On 01/15/2005 02:25 PM, David Abrahams wrote: [snip]
Maybe. The one I'm using comes from the C++ Standard:
OK. As I said below, our definitions differ.
3 Basic concepts [basic] .... 4 A name is a use of an identifier (2.10) that denotes an entity or label (6.6.4, 6.1). A variable is introduced by the declaration of an object. The variable's name denotes the object.
Besides, if an expression provides the same capability as a name, i.e. the ability to access the element, what's the importance of providing a "real name" (i.e. a c++ identifier) for the element?
None other than ease-of-use. The point of that note about names is to say you can't access an arbitrary member of that composed class by naming the member in the usual way, because all those members will have the same name, and that's unavoidable with TMP. Nothing more.
OK. I read the page differently. I thought it meant that there was difficult or impossible to access the elements. Then there's the sentence on p. 191: We can't access any other than the first one directly. OK, I guess "can't access directly" does not mean "can't access", but then consider the next paragraph: it's difficult to access the value member of a given type even by casting to an appropriate base class. This leaves me with the impression that it's "difficult" to access members other than the first; yet a template member function such as boost::tuple's, get<1>, doesn't seem difficult, at least to me.
Anyway, my definition of name differs from yours, but if the only purpose is to provide a compile-time evaluated offset from some container, then both definitions satisfy the purpose.
Not really. My definition doesn't really allow for much compile-time evaluation.
True, it's much simpler, but does involve compile-time evaluation of offset from the start of the structure.

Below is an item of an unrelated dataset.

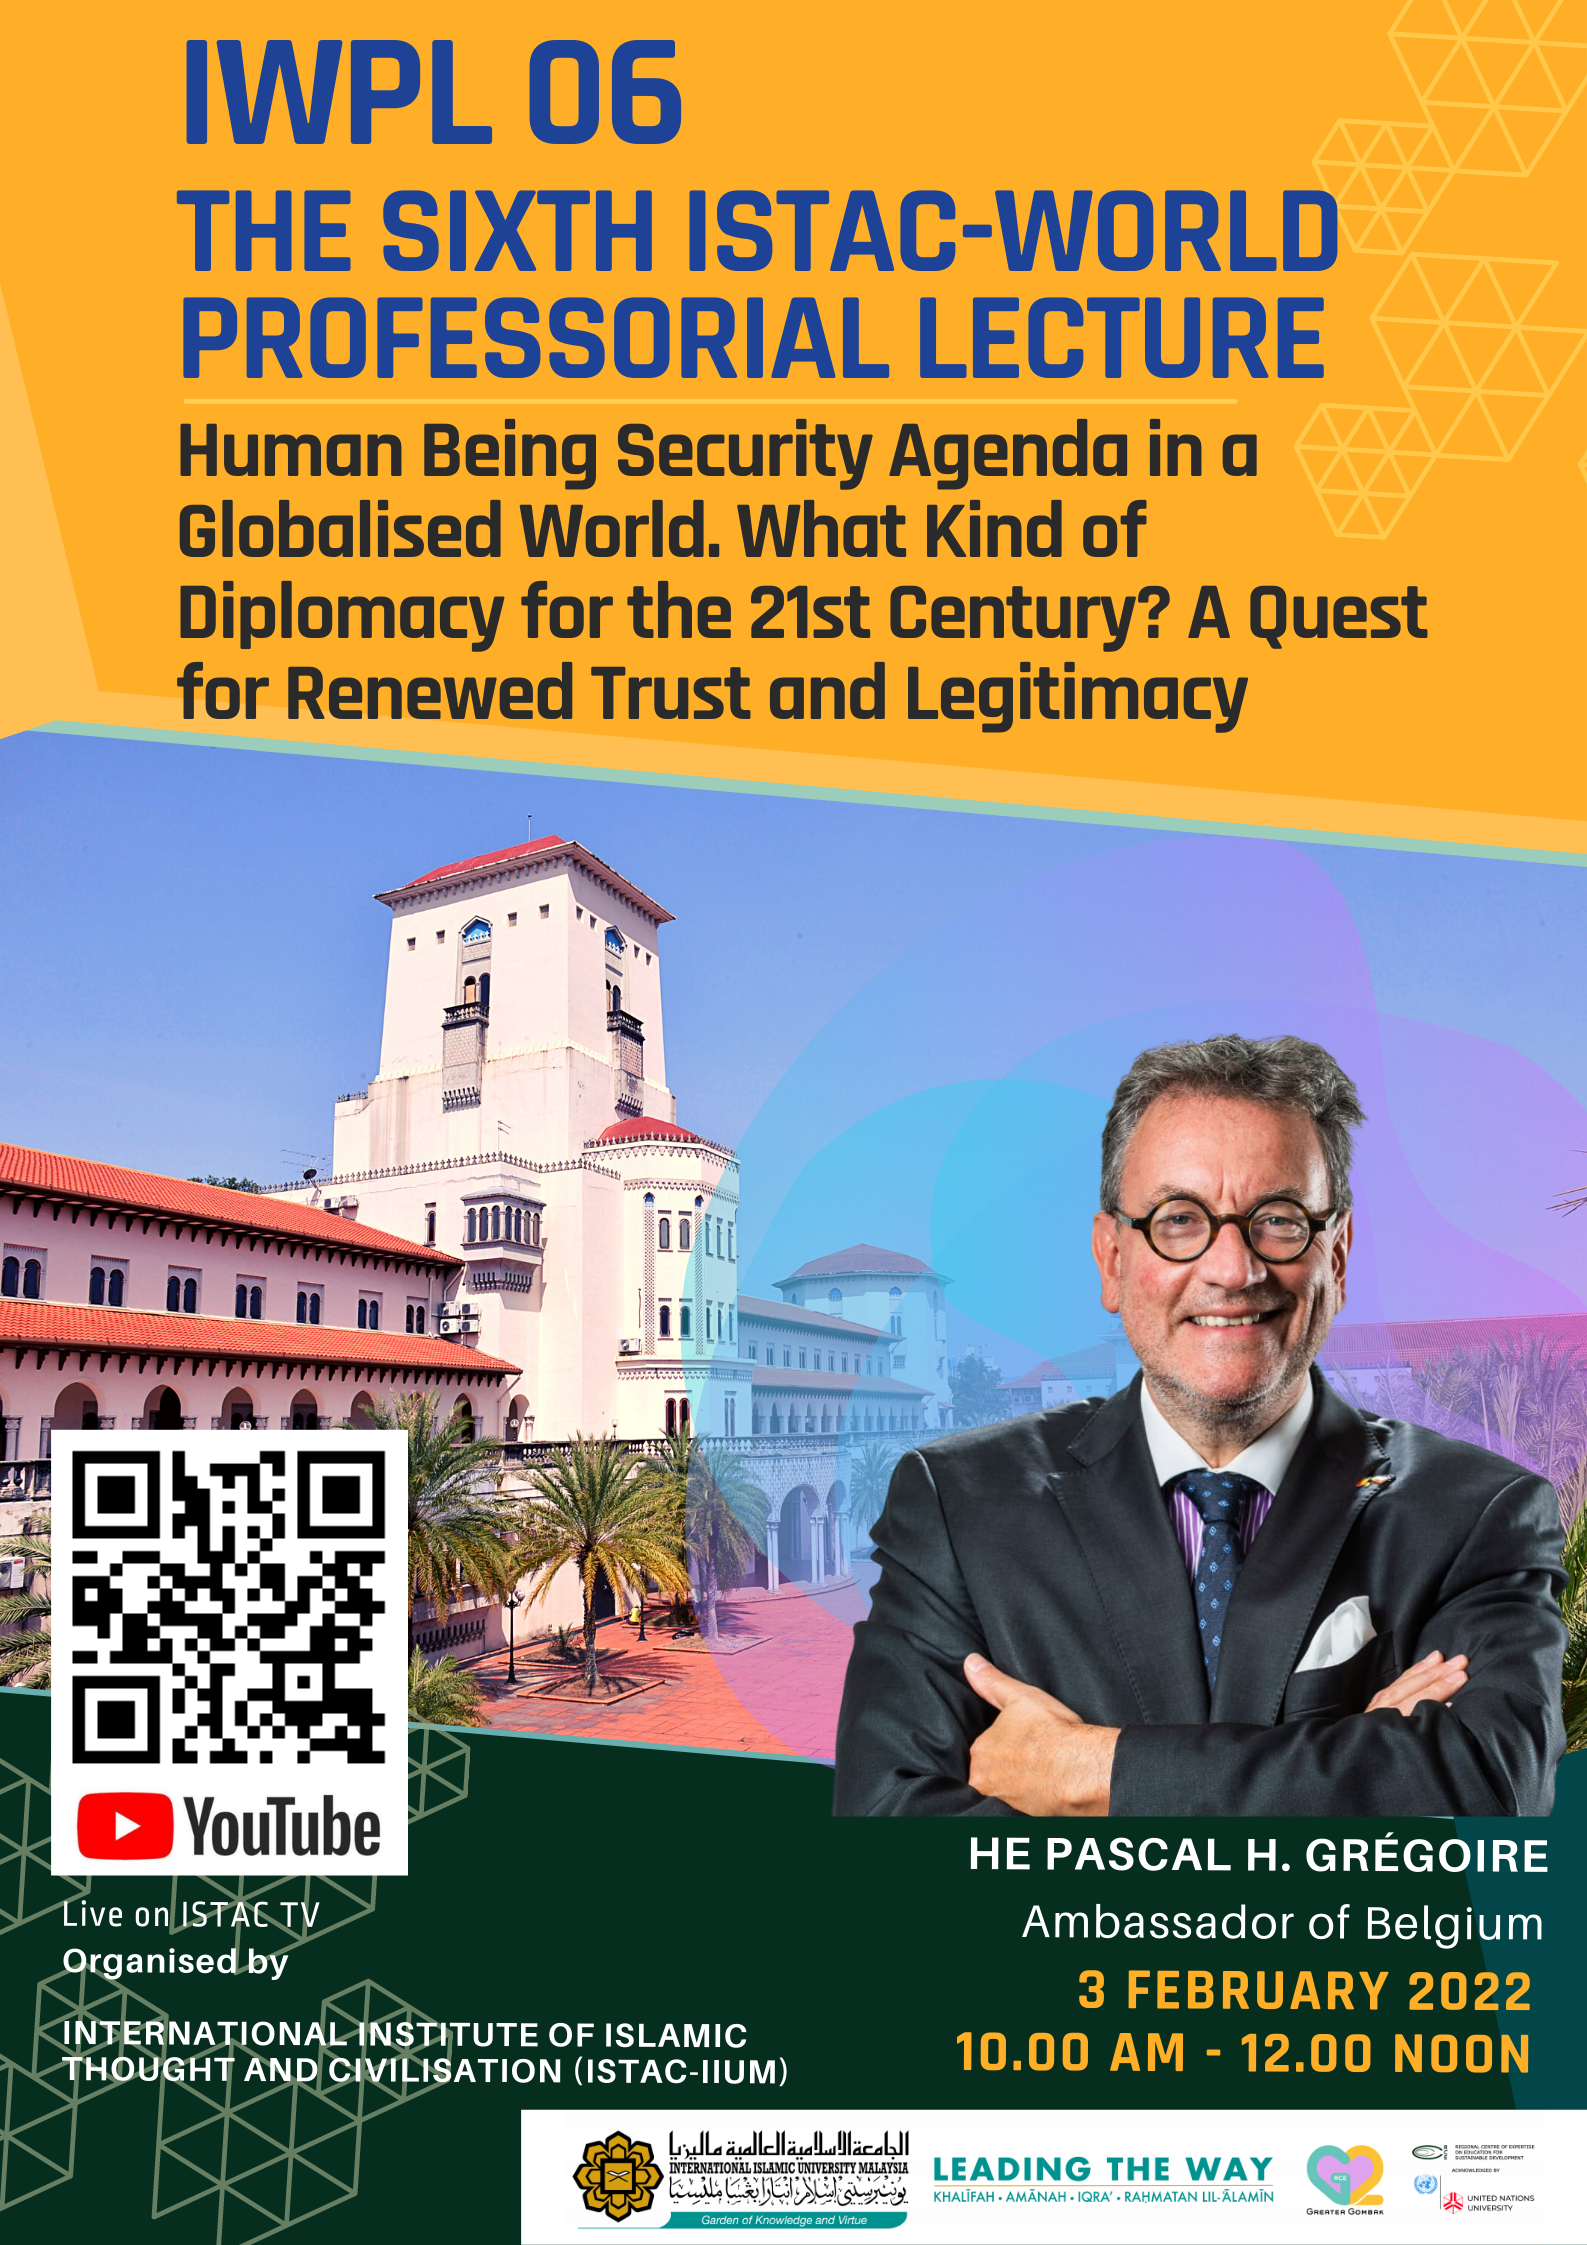 THE 6th ISTAC-WORLD PROFESSORIAL LECTURE - IWPL 06
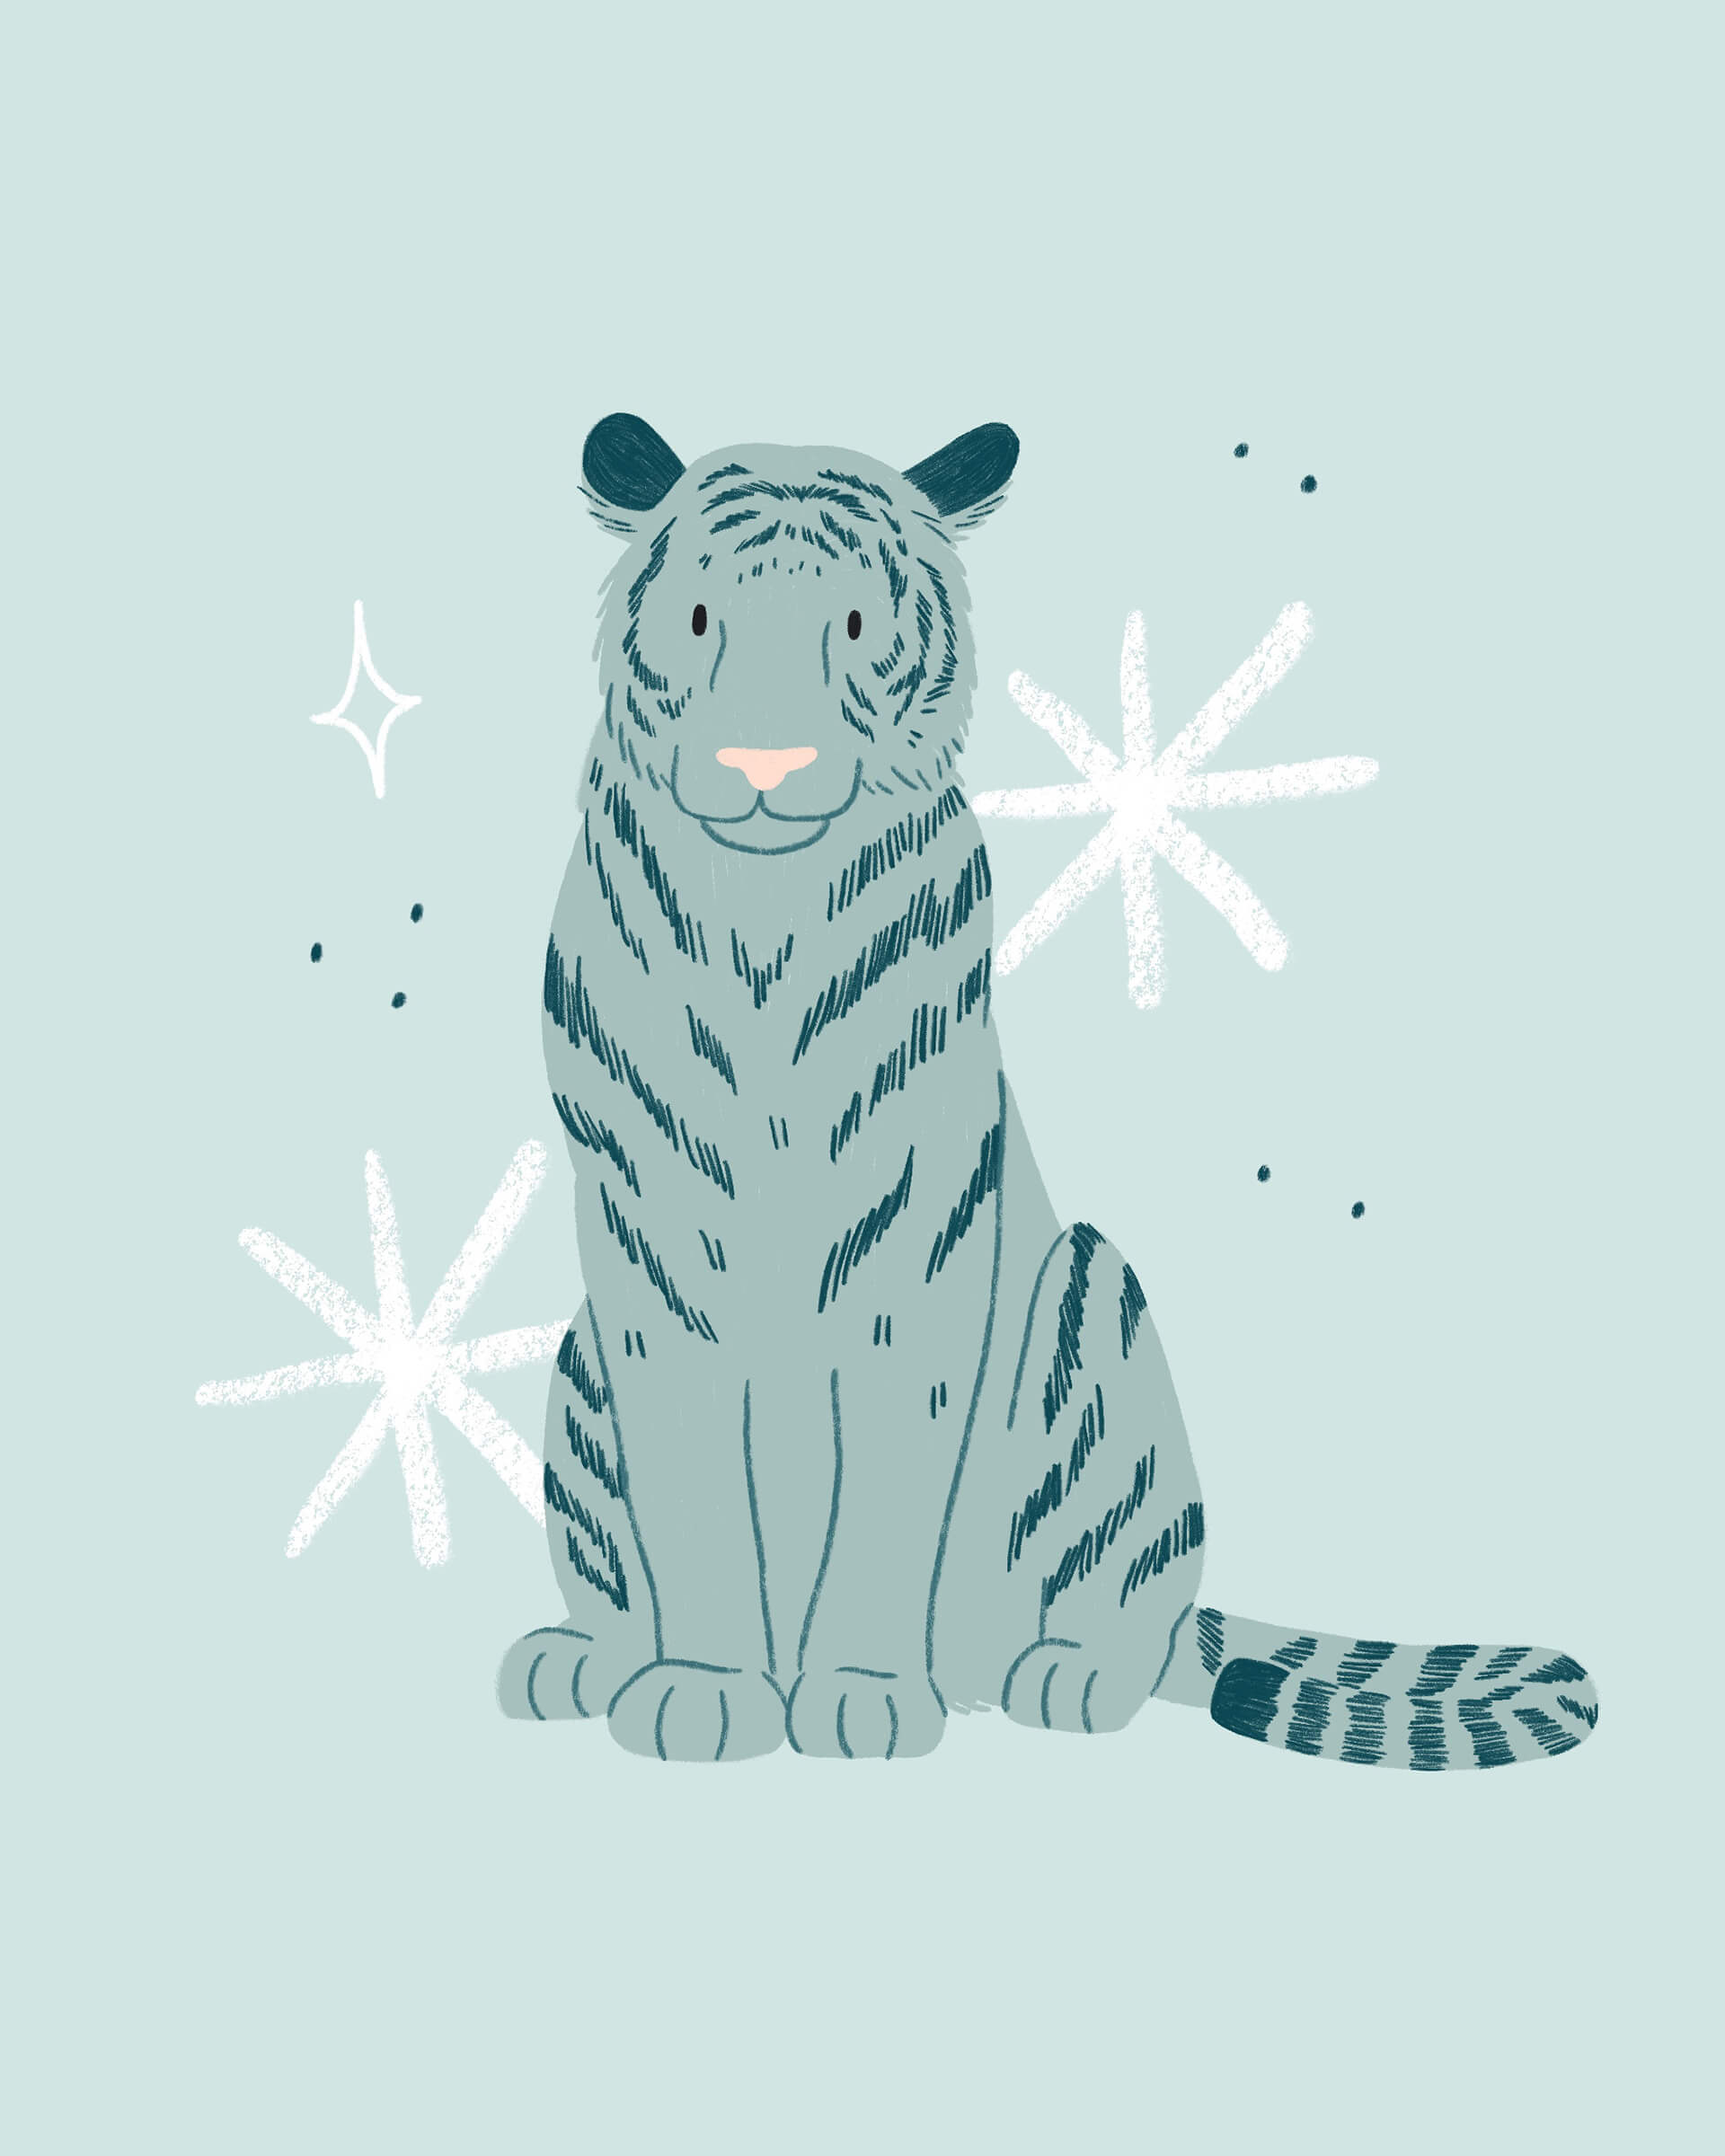 An illustration of a blue tiger sitting and looking towards the viewer

Also, your sample code has no get_tail member template, so I don't see
^^^^^^^^^^^^^^^^^^^^^^^^
OK, the key work is *member*. I apologize. There is no member template.
how that could compile...
I've replaced the file with another, get_inherit_side_test.cpp, which, in test_instantiate(void), actually creates an instance of the tuple_type and accesses the 0-th element with: t.get_inherit_side<inherit_side_right,tuple_type,0>::type::left_type::value; Obviously, this could be shortened with a member template, t.get<0>() which simply returned the above expression. The uploaded code compiles with just a warning about t being used before it's defined.
I just downloaded it and it has get_tail specializations on lines 34 and 46.
The code in your posting used the construct
r.get_tail< .... >
I don't see how that can compile unless something is defined with a member template called "get_tail."
Sorry, I should have said: r.get_tail<...>::head_type::value; but then I would have had to provide the code like that in the newly uploaded file, and it didn't seem, at the time, necessary to demonstrate my point. [snip]
Just that the book seems to indicate there's a difficulty in accessing the elements which isn't really there, unless you define typing a long compile-time evaluated expression as difficult.
It's certainly more difficult than typing
r.foo
The book isn't making a very deep point there, but the point it does make is valid.
OK, but I, and maybe others, are interpreting the page as meaning inherit_linearly is less capable than tuple as far as accessing the elements. And with a member template, like boost's tuple, r.foo is not significantly more difficult than: r.get<foo>(); where foo is maybe an enumerator "naming" say the 2nd element in the tuple.